Got this done over the weekend:
View attachment 372490View attachment 372488
although I know I can fix it with body filler, I’m not super happy with the seams. Sheet metal sucks and I’m apparently not very good at welding it in. I’m sure it takes a lot of practice. I was going to finish the other side tonight but I ran out of gas again. I’ll have to pick more up tomorrow. View attachment 372489
when I get this side finished I think I’m allowed to call it rust free without stretching the truth too much. The rocker boxes are welded up but I took the plate to a metal fab shop to have them drill out all the holes for me. I think drilling 32 holes through 1/4” is a little more than I can handle. I’m not real concerned about the exhaust at the moment. I’ll get it done when the stars align but I’m tired of trying to schedule around the weather and I have plenty of sheet metal work to do in the mean time.

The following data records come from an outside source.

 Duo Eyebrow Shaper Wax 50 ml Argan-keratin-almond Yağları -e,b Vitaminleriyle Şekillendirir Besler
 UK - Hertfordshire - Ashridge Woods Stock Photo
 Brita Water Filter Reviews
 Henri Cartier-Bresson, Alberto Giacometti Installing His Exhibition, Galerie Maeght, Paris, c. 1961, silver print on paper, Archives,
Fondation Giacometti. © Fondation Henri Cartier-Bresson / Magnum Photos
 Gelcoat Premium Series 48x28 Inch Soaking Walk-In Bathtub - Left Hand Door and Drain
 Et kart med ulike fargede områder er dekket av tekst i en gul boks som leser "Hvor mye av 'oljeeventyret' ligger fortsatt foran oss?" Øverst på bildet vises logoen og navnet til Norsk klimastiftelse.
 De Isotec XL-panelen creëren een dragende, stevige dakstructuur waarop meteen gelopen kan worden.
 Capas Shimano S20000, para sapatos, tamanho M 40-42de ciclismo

Looking good, If the panel is straight it should turn out good. The previous owner of mine fixed his with 22 gauge steel riveted over the top and covered in 1/2 in of bondo, lol. It took me most of a day to excavate that stuff with the wire wheel
 
Looking good, If the panel is straight it should turn out good. The previous owner of mine fixed his with 22 gauge steel riveted over the top and covered in 1/2 in of bondo, lol. It took me most of a day to excavate that stuff with the wire wheel
Lol previous owner work never ceases to surprise me.
 
I got the other side finished, still not thrilled with it but it should be good enough. No more rust anyway. A565A1EA-85A5-4C49-8BFF-6E888AF64083.jpeg
I got the plate back from the fab shop today, really glad I didn’t have to drill these out. 7F2BCF8D-BC85-426F-8350-8DC6E28B26DC.jpeg
Should be able to finish the rocker boxes this weekend.
 
Ok I didn’t have much time to work on the blazer the past week and a half but I got the rocker “boxes” done.
5A3F1493-DDA2-44FF-A64D-A9CA5A4BE84A.jpeg2F687CF4-26BA-4745-8ECE-2AEFD3C0C29E.jpeg28412836-0865-4BB6-97CF-330AEB6B5C92.jpeg9C2EF724-6913-4090-BFB0-23E542AACCEF.jpeg
Time will tell if they’ll do what they are made for but I’m pretty confident they will. I like the simple design, the fact that they won’t trap dirt and water and that they’re removable. I need to dig into the last bit of wiring on this thing and also get a throttle setup. But I also really want to do the top conversion and now that the boxes are done I can do that so that might be what I dig into next. I might start on that this weekend.